Removing the lower radiator hose does not drain the block. I only got about 2 gallons out with this method. This was verified at the end of the process when I could barely get 2 gallons of dexcool in the system at the end. This means that there was 1.5 gallons of water remaining in the block after the flush that I was not able to replace with distilled water. Fortunately the water supply is softened so the water wasn't full of calcium and hard elements. I would have drained the block with the plugs but one plug was behind the oil cooler and one plug was behind the starter, neither of which I wanted to remove. The coolant was a bit cloudy but didn't have any crap in it so I didn't see the point of going through all that work just to get the water out.

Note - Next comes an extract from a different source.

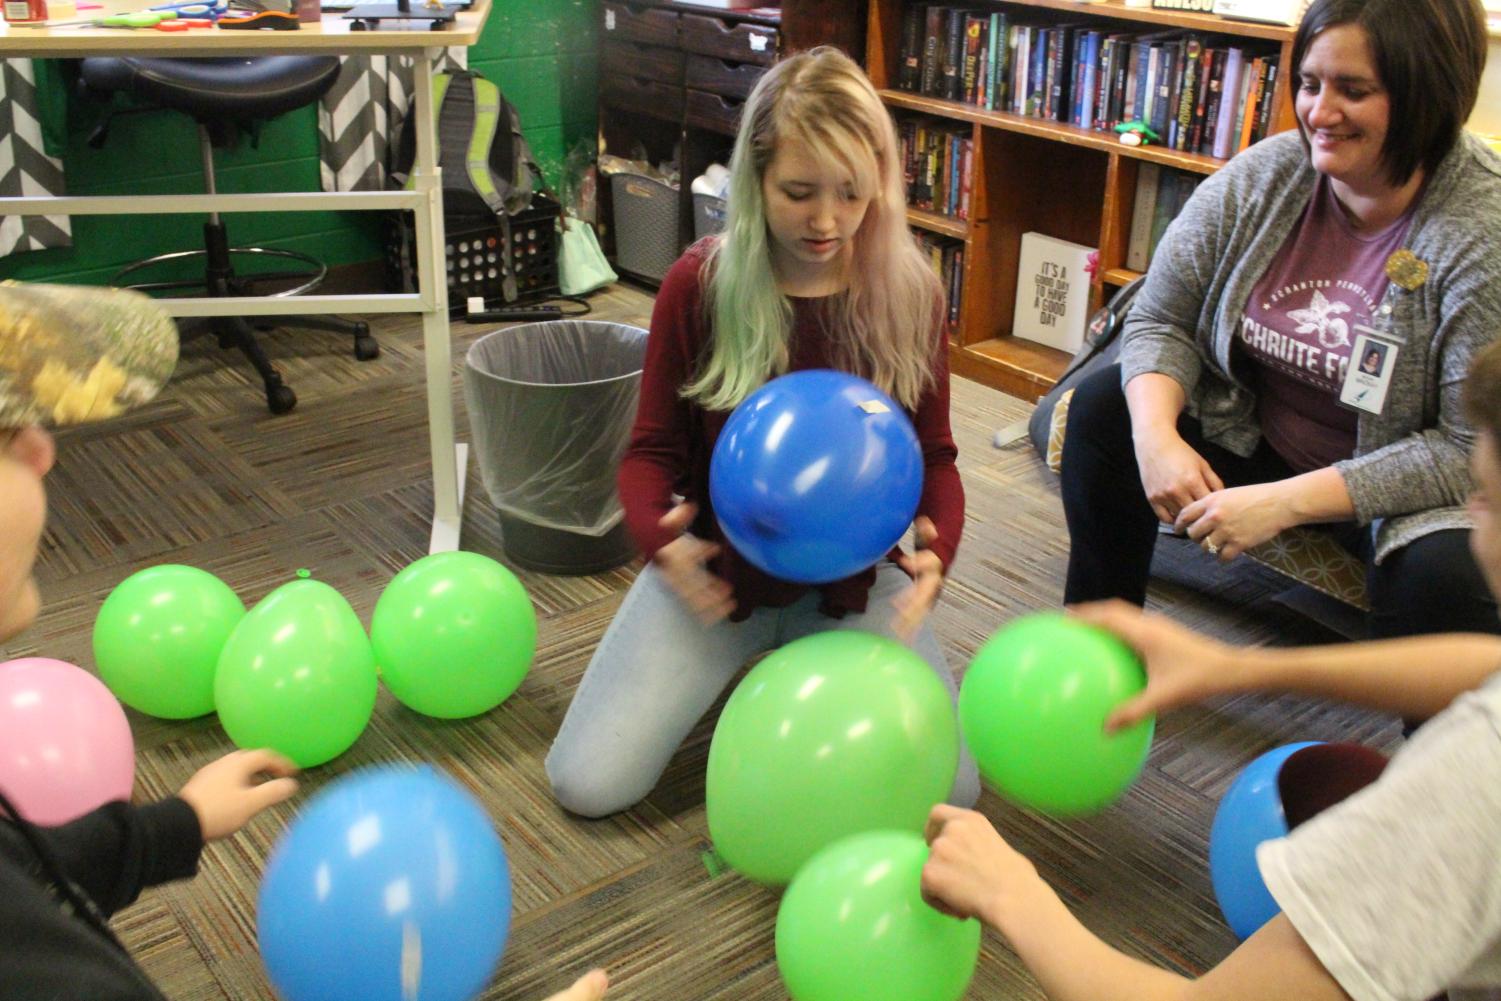 1%2F18%2F22+Mrs.+Mackays+class+making+towers+out+of+balloons+%28Photos+by+Laurisa+Rooney%29
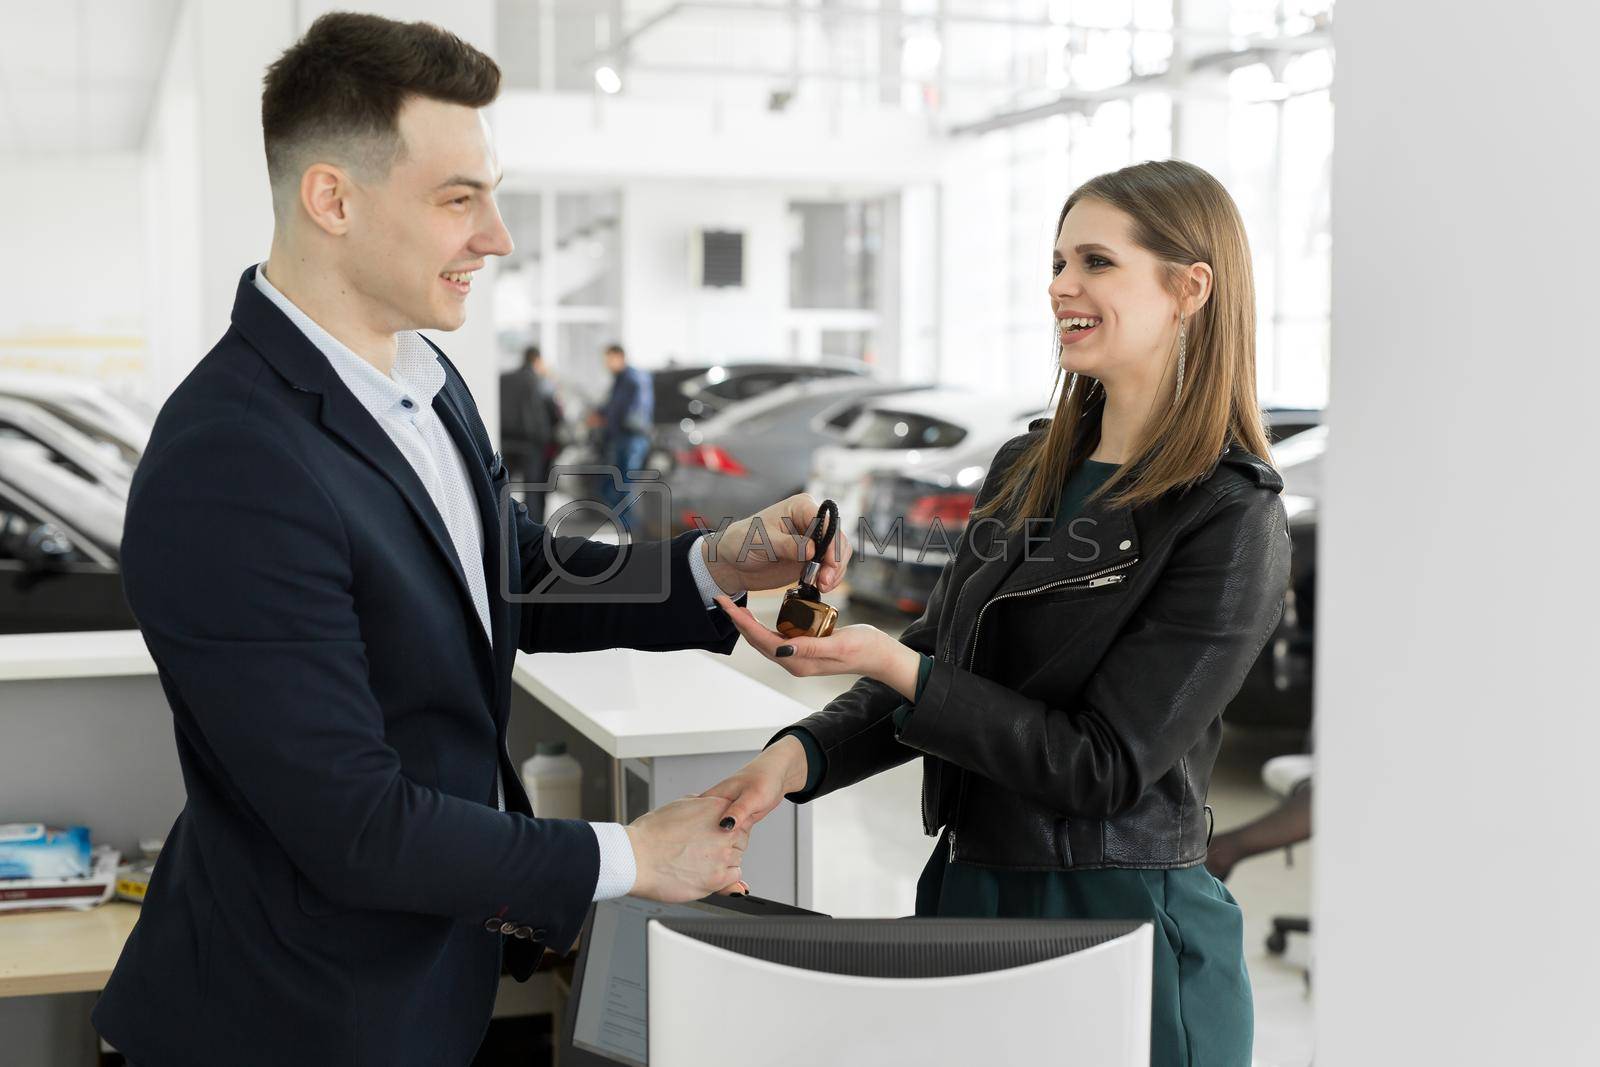 Royalty free image of Car rental and Insurance concept, Young salesman receiving money and giving car's key to customer after sign agreement contract with approved good deal for rent or purchase by StudioPeace

I did buy the T-fitting and hooked up the hose to flush everything out. I then reconnected everything, filled the radiator and the upper hose, and ran the engine to operating temp. Then let it cool and drained/flushed it again. I got more dexcool out this time. I also flushed backwards through the upper radiator hose and out through the heater ports on the water pump. More dexcool came out again. I flushed the heater core separately.

I put a whole gallon of dexcool down the upper radiator hose into the engine. I put the other gallon into the radiator but was only able to get half a gallon in. I started and ran the engine and let it get hot, once it got to temp and the thermostat opened I was able to get the rest of that gallon in. Put water/dex in the expansion tank and took it for a drive and everything's good.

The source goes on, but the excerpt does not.